If the CSV has debit/credit amounts in separate fields, assign to the
`amount-in` and `amount-out` pseudo fields instead. (Whichever one has a
value will be used, with appropriate sign. If both contain a value, it
may not work so well.)
If an amount value is parenthesised, it will be de-parenthesised and
sign-flipped.
If an amount value begins with a double minus sign, those will cancel
out and be removed.
If the CSV has the currency symbol in a separate field, assign that to
the `currency` pseudo field to have it prepended to the amount.
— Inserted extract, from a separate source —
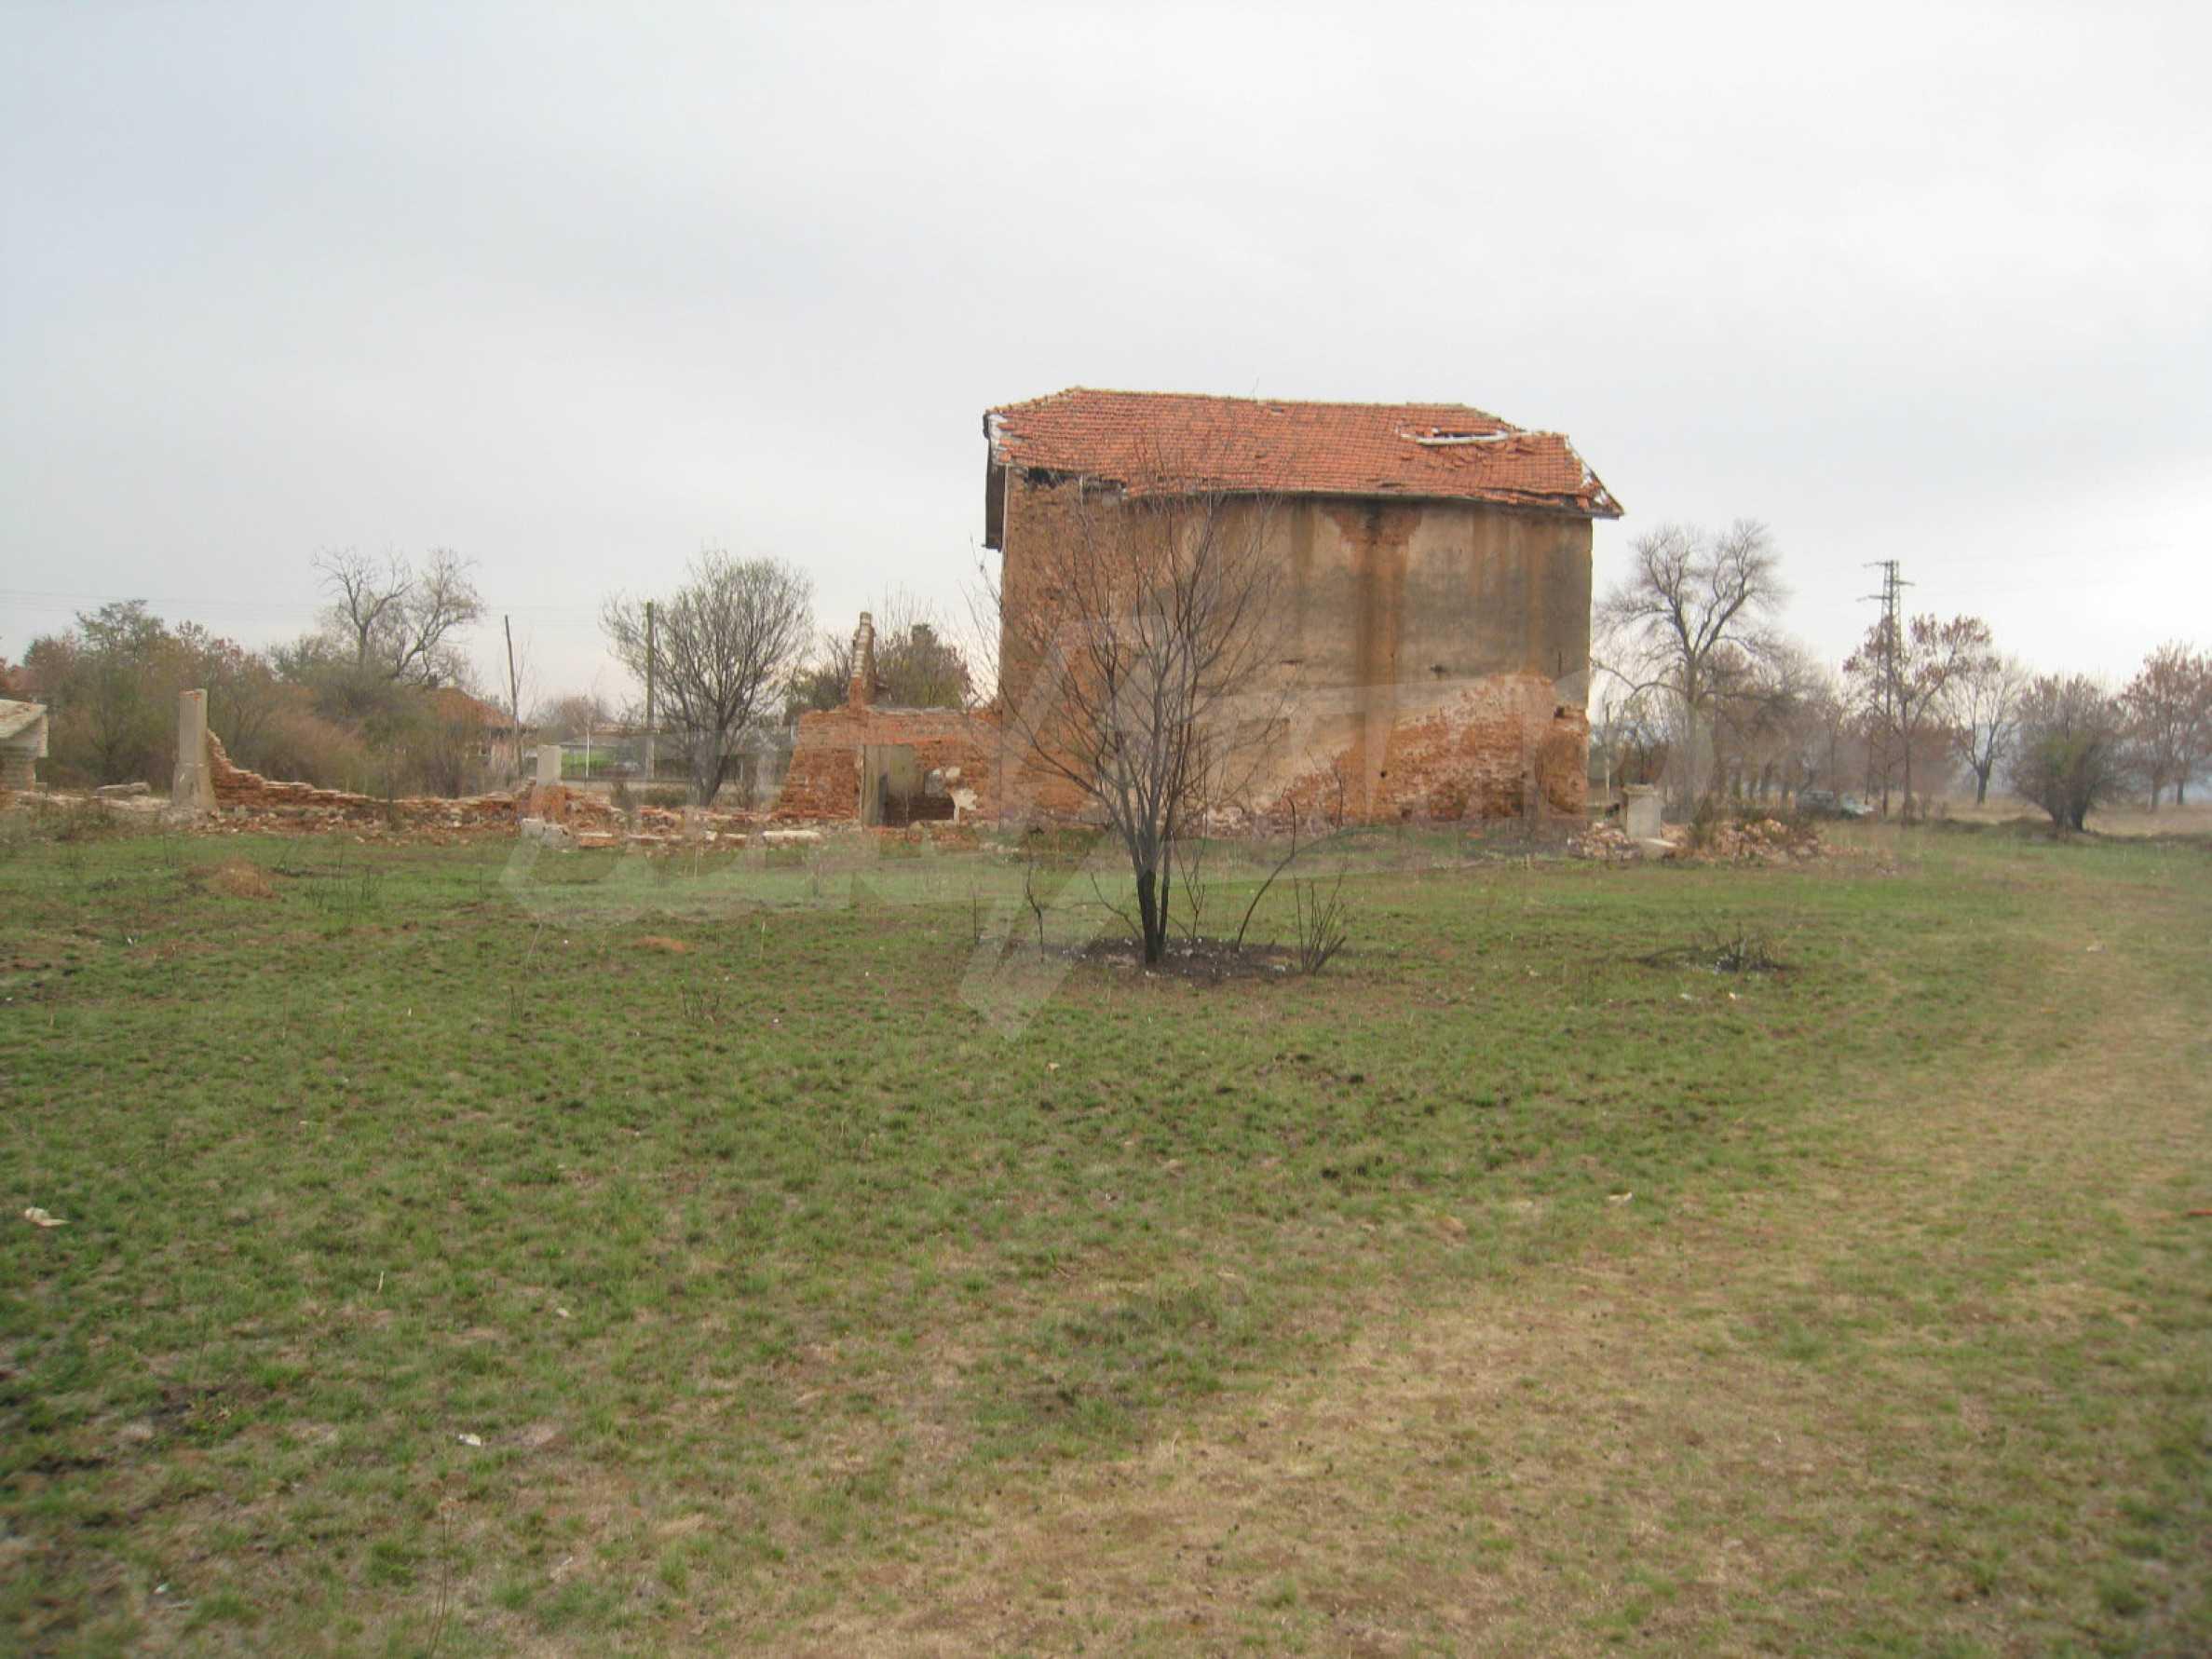 Solides dreistöckiges Gebäude (ehemalige Mühle) mit Hof in der Nähe von Elin Pelin 14

Or, you
can use a [field assignment](#field-assignment) to `amount` that
interpolates both CSV fields (giving more control, eg to put the
currency symbol on the right).
### CSV balance assertions
If the CSV includes a running balance, you can assign that to the
`balance` pseudo field; whenever the running balance value is non-empty,
it will be [asserted](/journal.html#balance-assertions) as the balance
after the `account1` posting.
### Reading multiple CSV files
You can read multiple CSV files at once using multiple `-f` arguments on
the command line, and hledger will look for a correspondingly-named
rules file for each. Note if you use the `--rules-file` option, this one
rules file will be used for all the CSV files being read.